> [Problem description]: Reproduce, word for word, the lines in the material below starting with the one that has "Keep time and" and going on through the one that has "Colorful Easter eggs". Leave out all pictures.

--- Exercise data Enclosed Below ---

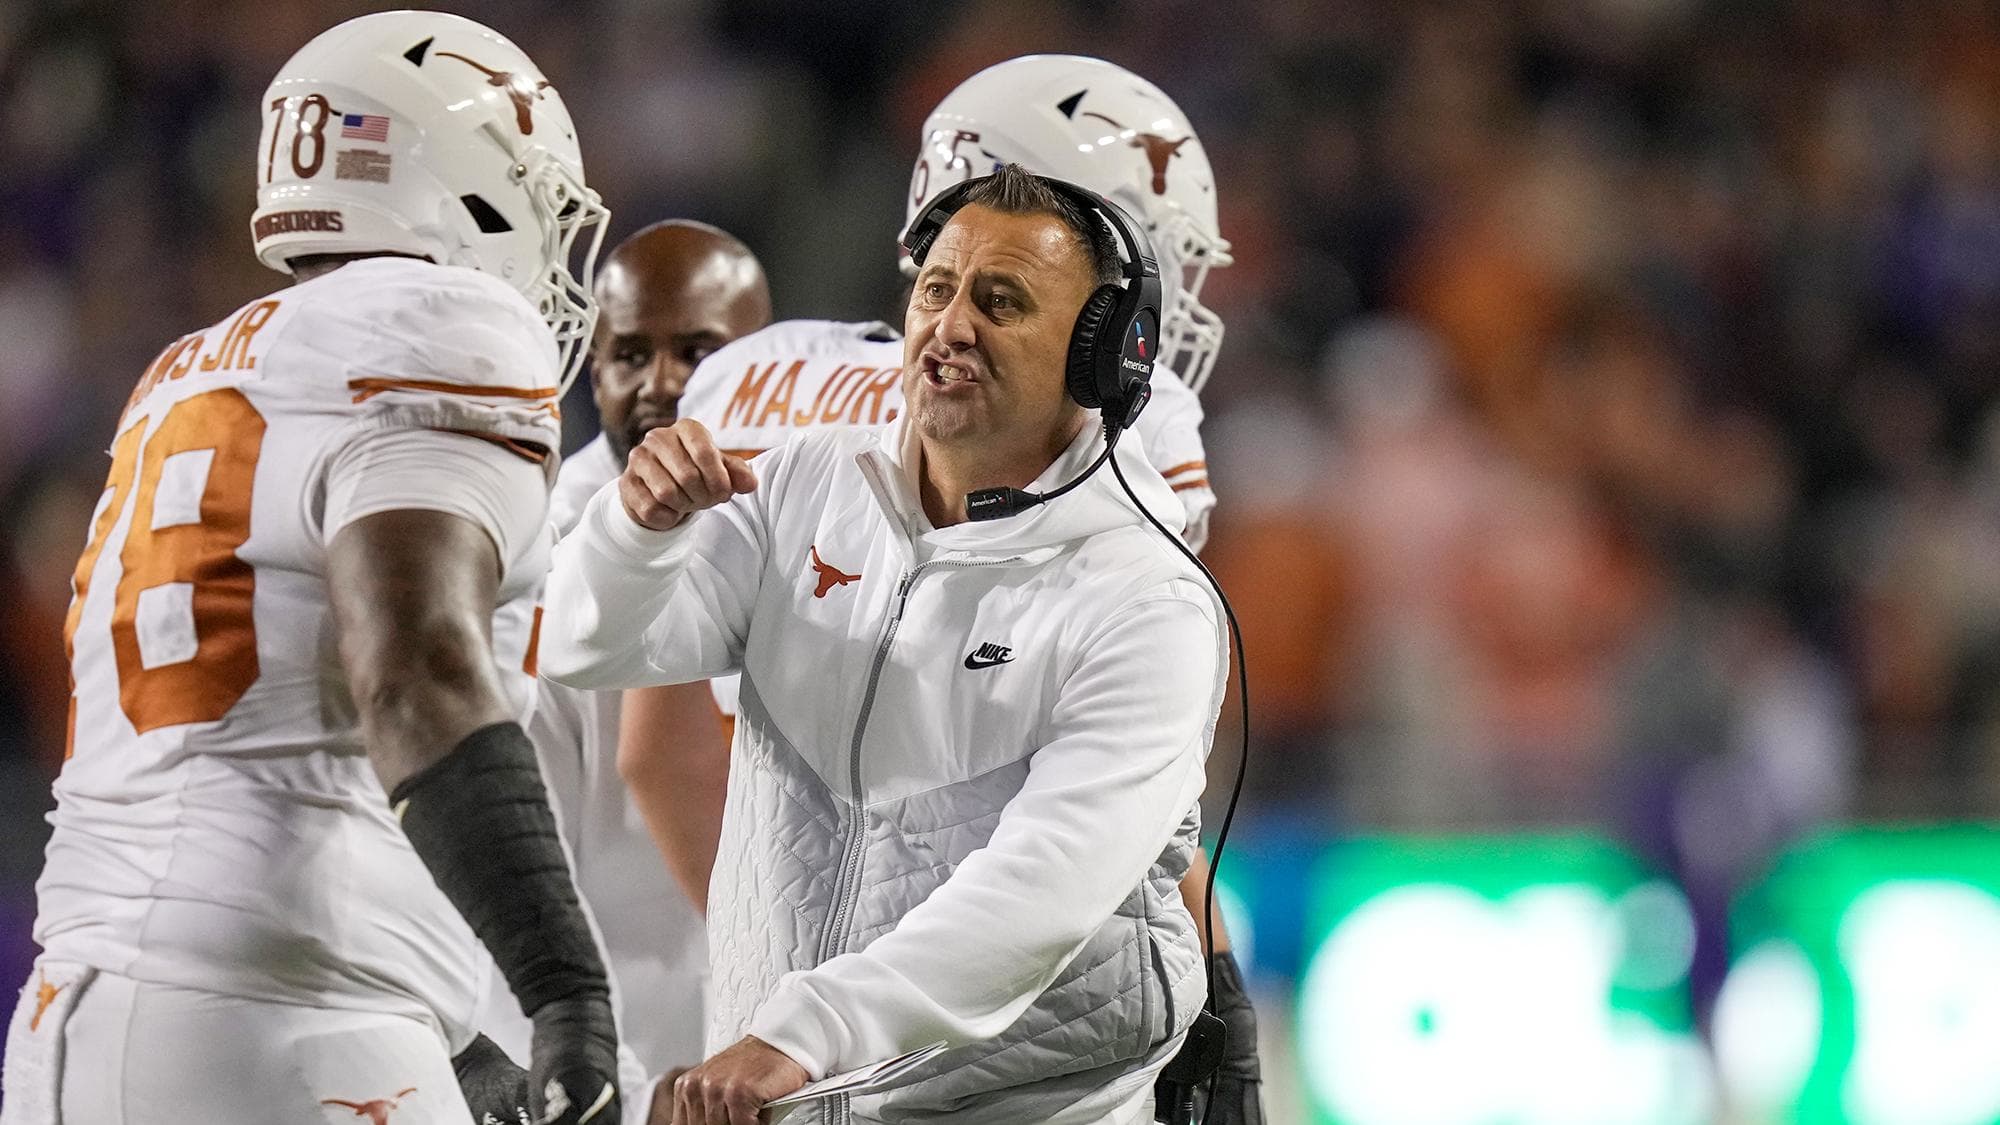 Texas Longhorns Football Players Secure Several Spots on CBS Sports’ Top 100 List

--- End of Enclosed Exercise data ---
--- Exercise data Enclosed Below ---

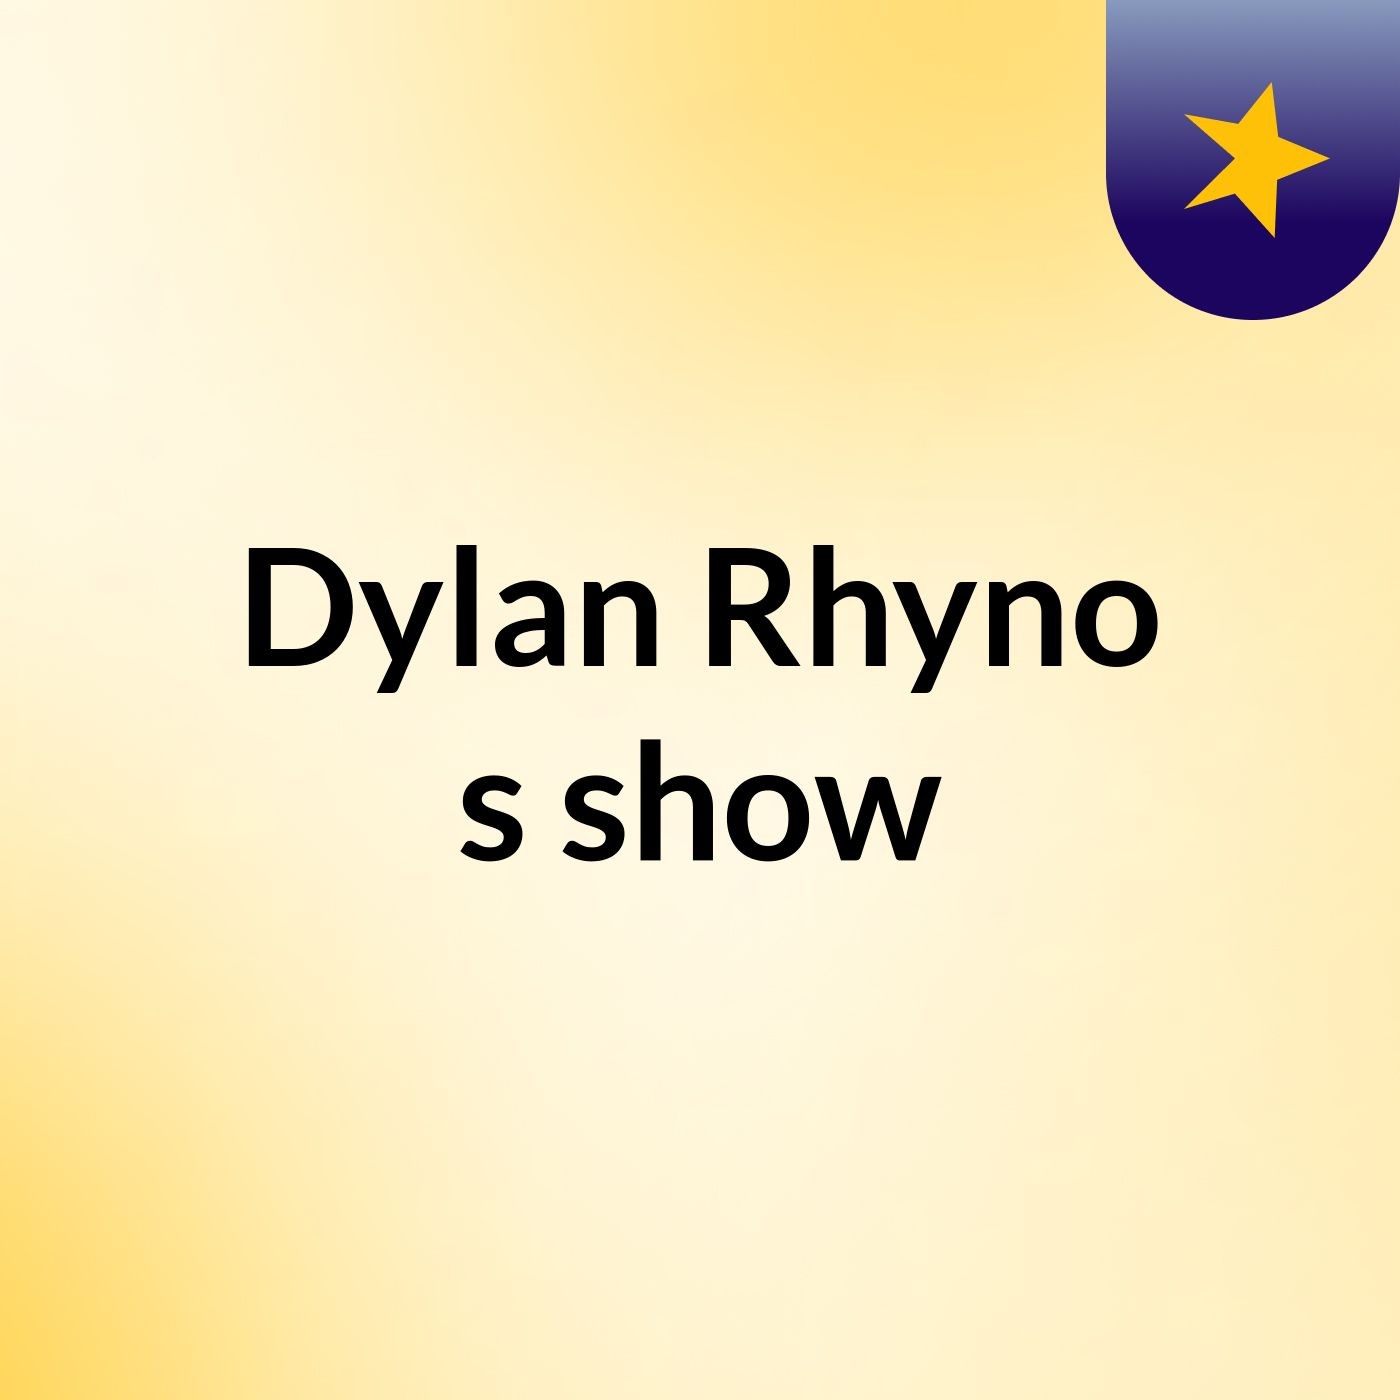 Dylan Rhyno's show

--- End of Enclosed Exercise data ---
--- Exercise data Enclosed Below ---

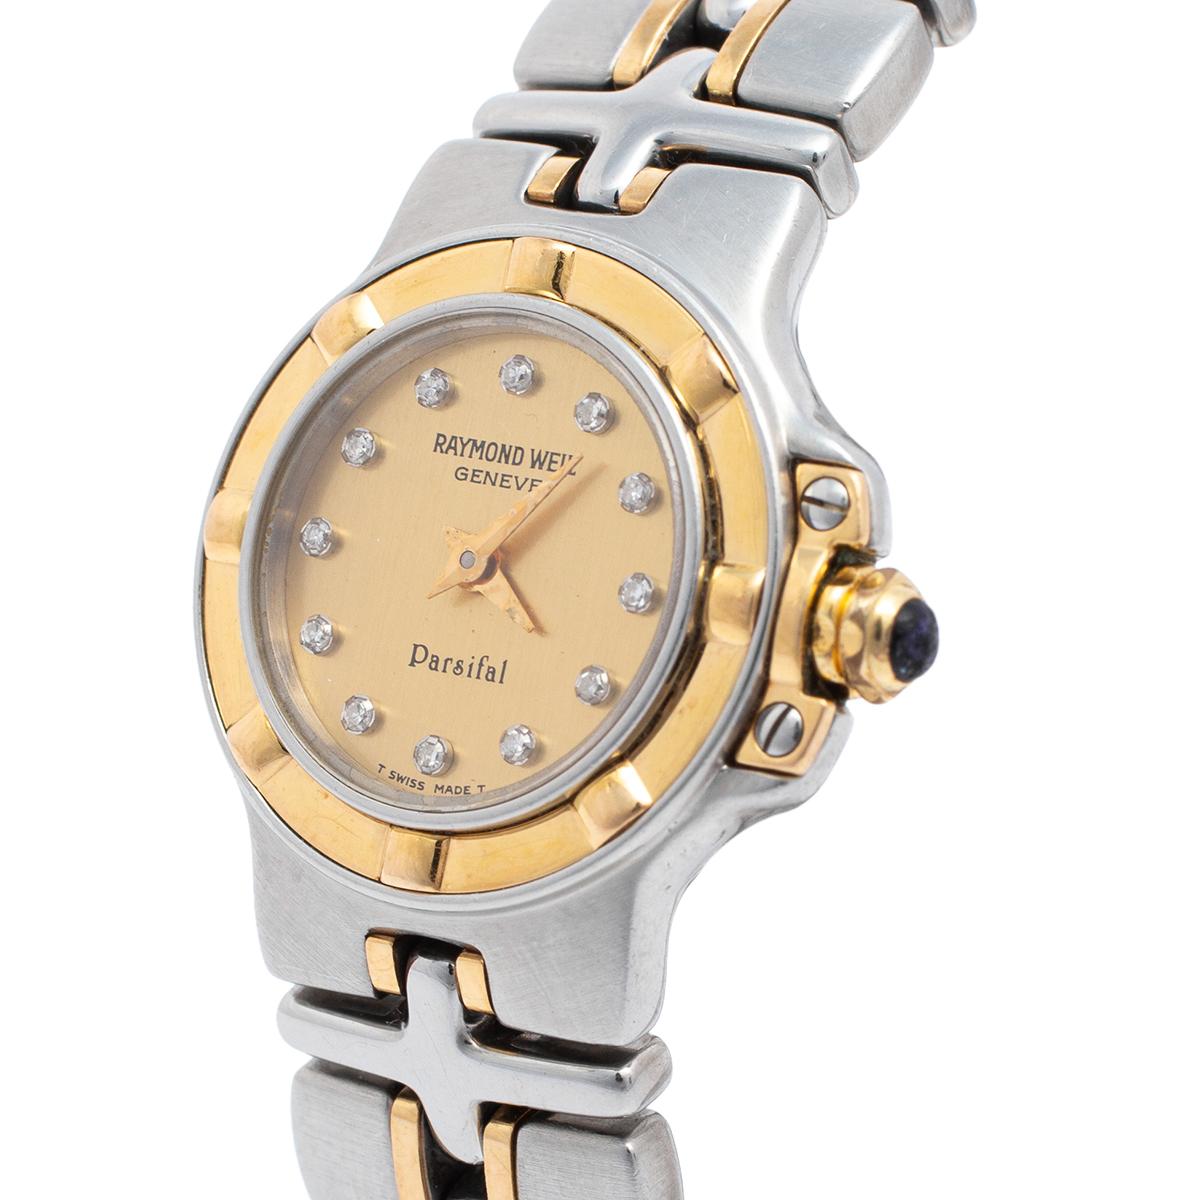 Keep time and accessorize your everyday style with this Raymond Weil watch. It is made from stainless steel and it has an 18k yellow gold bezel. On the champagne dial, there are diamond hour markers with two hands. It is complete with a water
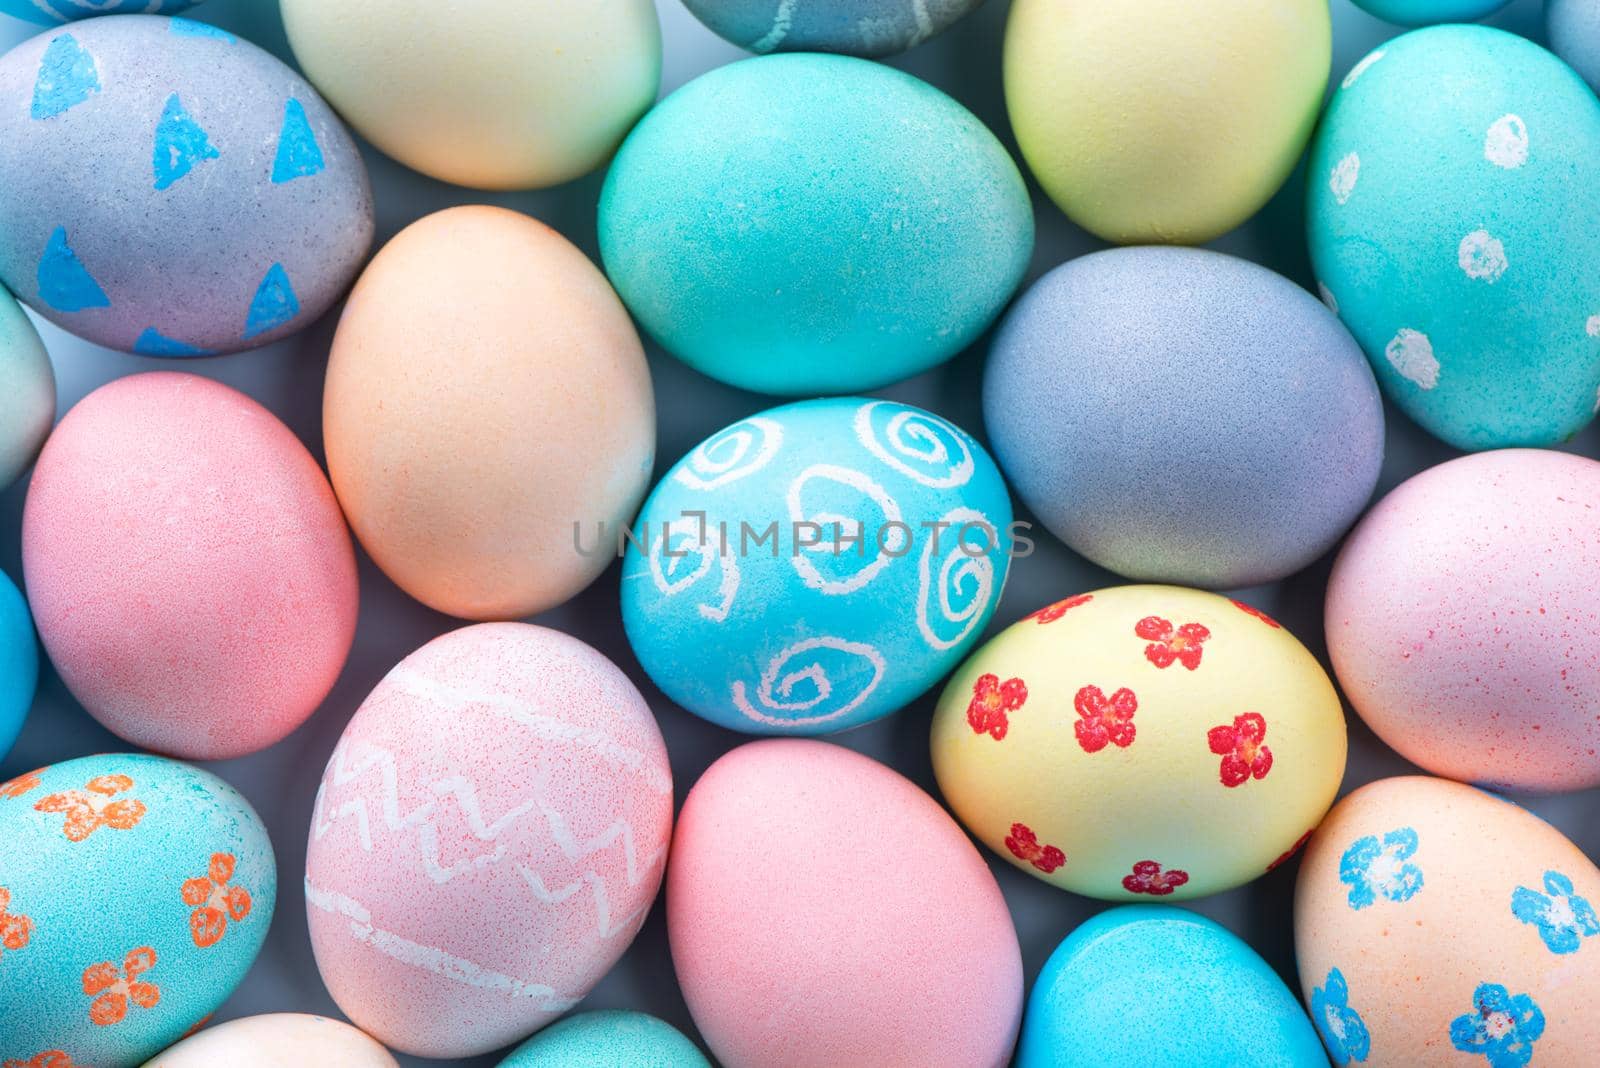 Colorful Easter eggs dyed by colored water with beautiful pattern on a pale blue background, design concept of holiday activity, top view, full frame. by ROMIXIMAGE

--- End of Enclosed Exercise data ---

> [Answer]:
 Keep time and accessorize your everyday style with this Raymond Weil watch. It is made from stainless steel and it has an 18k yellow gold bezel. On the champagne dial, there are diamond hour markers with two hands. It is complete with a water
 Colorful Easter eggs dyed by colored water with beautiful pattern on a pale blue background, design concept of holiday activity, top view, full frame. by ROMIXIMAGE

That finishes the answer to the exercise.